Una rara coincidencia

Por cierto, el hecho de que a los médicos les cueste reconocer el síndrome de la autofermentación no es del todo culpa suya. Se trata de un síndrome poco frecuente. Esto puede explicarse por el hecho de que el cuerpo no puede empezar a producir cantidades tan grandes de alcohol como para que alguien desarrolle los síntomas que asociamos con la embriaguez. Primero deben encajar varias piezas del rompecabezas, por así decirlo. Por ejemplo, los hongos fermentadores deben imponerse en el intestino. Además, debe haber muchos hidratos de carbono disponibles en esos intestinos; después de todo, los hongos utilizan los azúcares de esos hidratos de carbono para producir alcohol. Y a menudo los investigadores descubren que los pacientes con síndrome de autofermentación también tienen otros problemas de salud que contribuyen al desarrollo del síndrome. Pensemos en la diabetes (que se asocia a niveles elevados de glucosa en sangre) o en enfermedades hepáticas (que reducen la capacidad de las personas para descomponer el alcohol). También pueden influir factores genéticos que dificulten la degradación del alcohol. En resumen: la enfermedad suele ser una confluencia de muchas circunstancias. Y las probabilidades de que esas circunstancias coincidan son (afortunadamente) sencillamente no muy altas, razón por la cual la afección es bastante rara.

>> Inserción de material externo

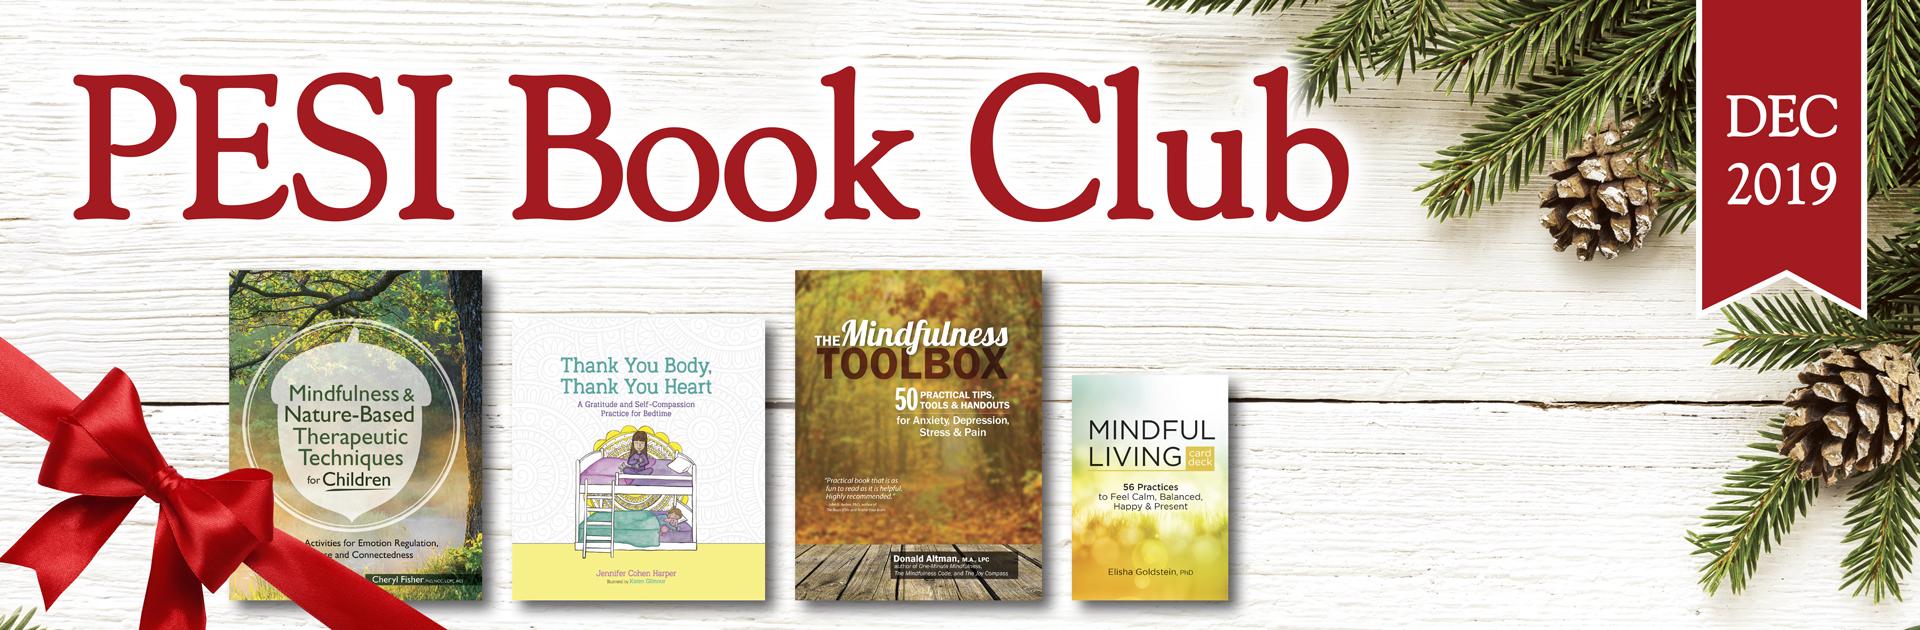 December 2019 Book Club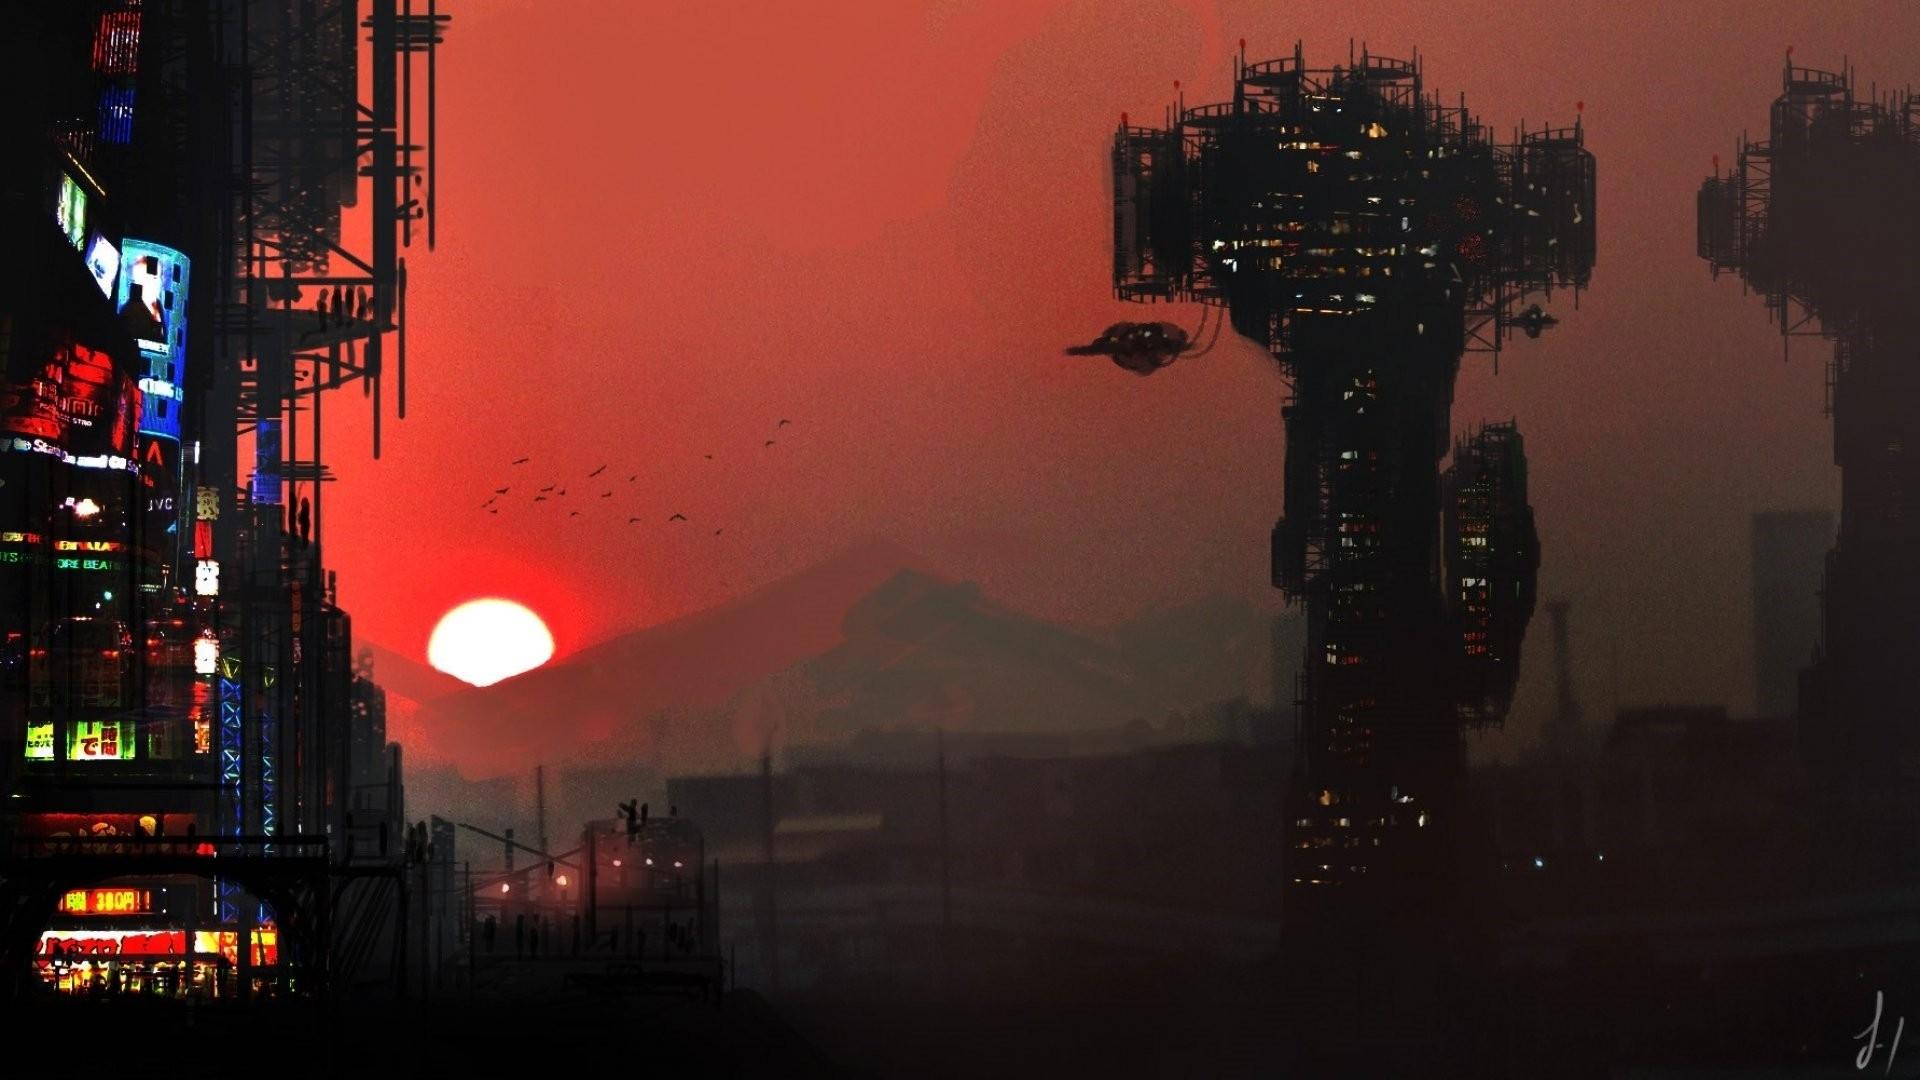 Cyberpunk City Art Pic

Tratamiento de antibióticos

En el caso de la mujer citada por los investigadores en su estudio, el síndrome de la autofermentación parece haber sido posible en parte porque estaba tomando antiácidos y tomando repetidamente un tratamiento de antibióticos para deshacerse de una infección de vejiga. La medicación habría alterado su flora intestinal y los hongos fermentadores se habrían impuesto. Además, los investigadores señalan que los factores genéticos también pueden influir.

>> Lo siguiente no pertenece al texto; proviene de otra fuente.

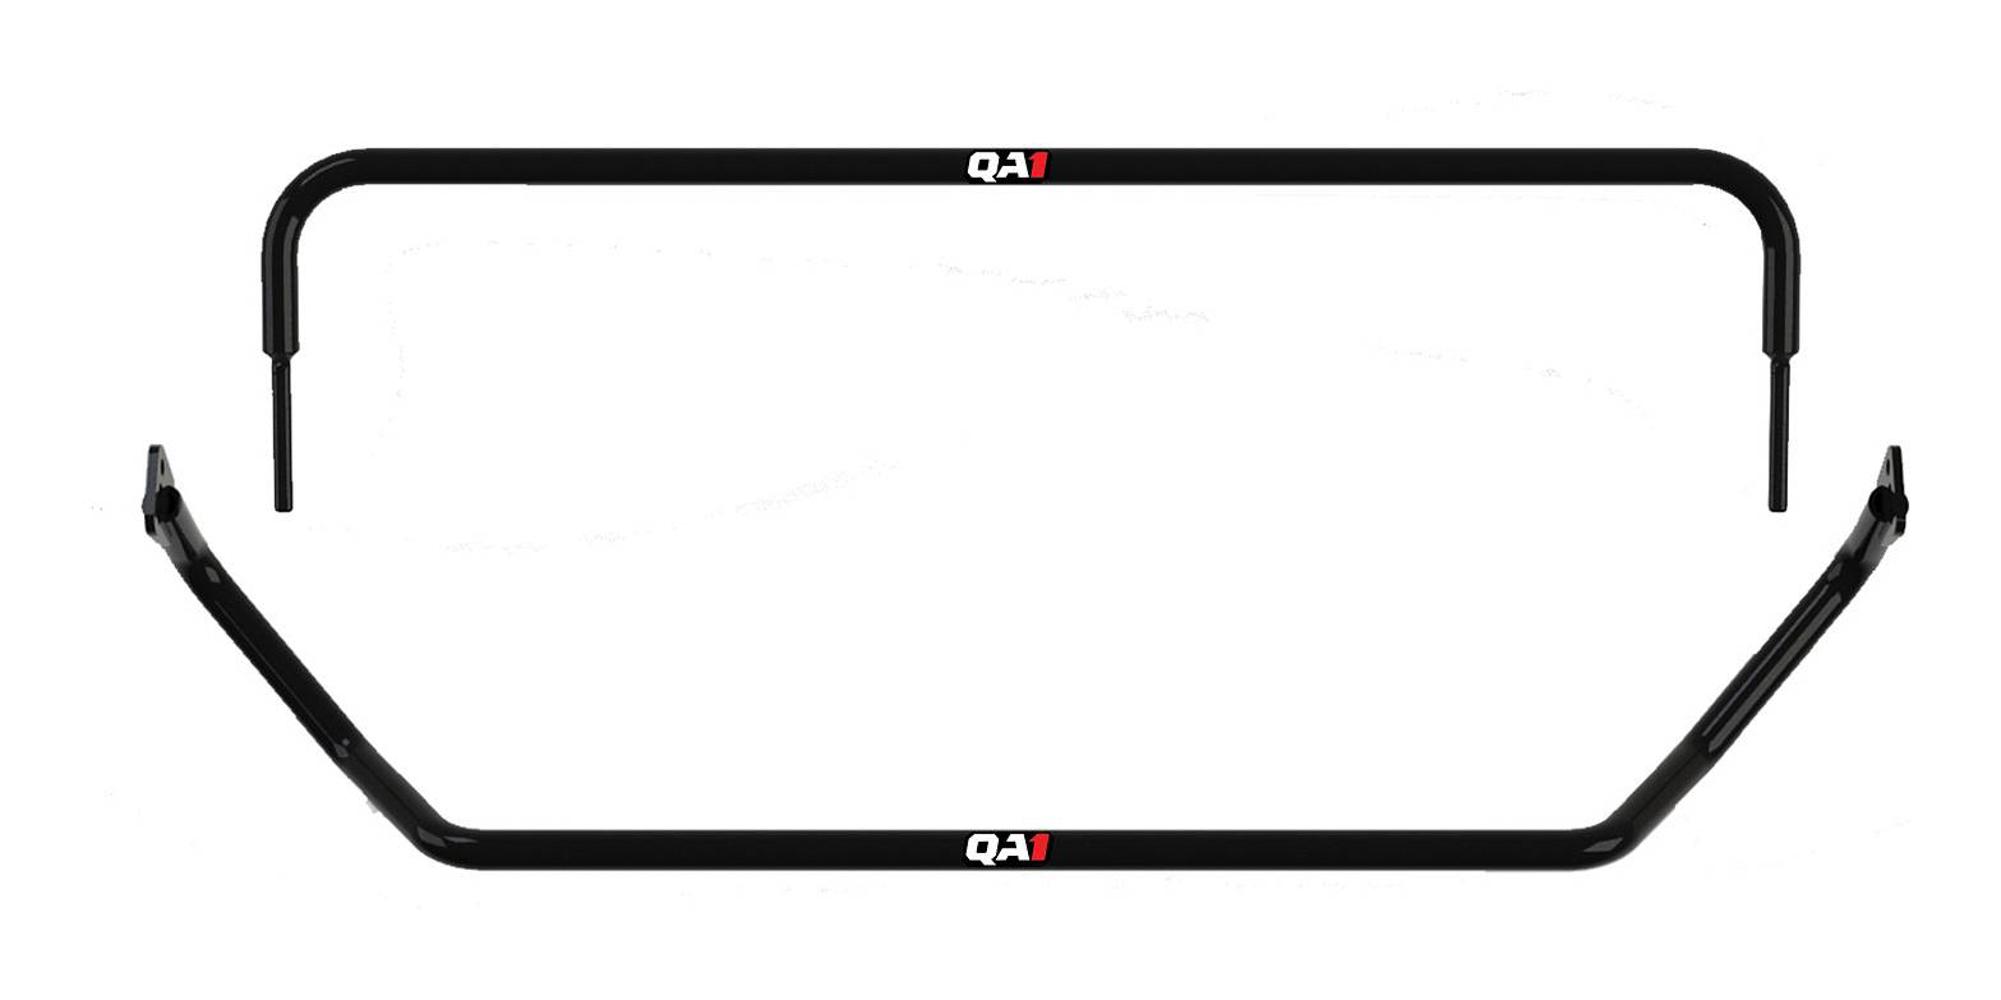 Qa1 Sway Bar Set - F & R 2010 -Present Camaro

Afortunadamente, la mujer está mucho mejor. Al cabo de seis semanas, pudo dejar de tomar el antifúngico; los síntomas causados por los hongos fermentadores habían desaparecido. Sin embargo, continuó siguiendo una dieta baja en carbohidratos como medida de precaución y se le recetó un probiótico, destinado a poner y mantener en orden su flora intestinal. Tras seis meses sin síntomas, los médicos llevaron a cabo un ensayo provisional, en el que se administró glucosa a la mujer y se observó si eso conducía a la producción de alcohol. Sin embargo, no se produjo alcohol, lo que indica claramente que se había eliminado el “brebaje” intestinal. Se ha aconsejado a la mujer que aumente lentamente la ingesta de hidratos de carbono. Por el momento, sigue bajo control de un dietista y un gastroenterólogo, entre otros.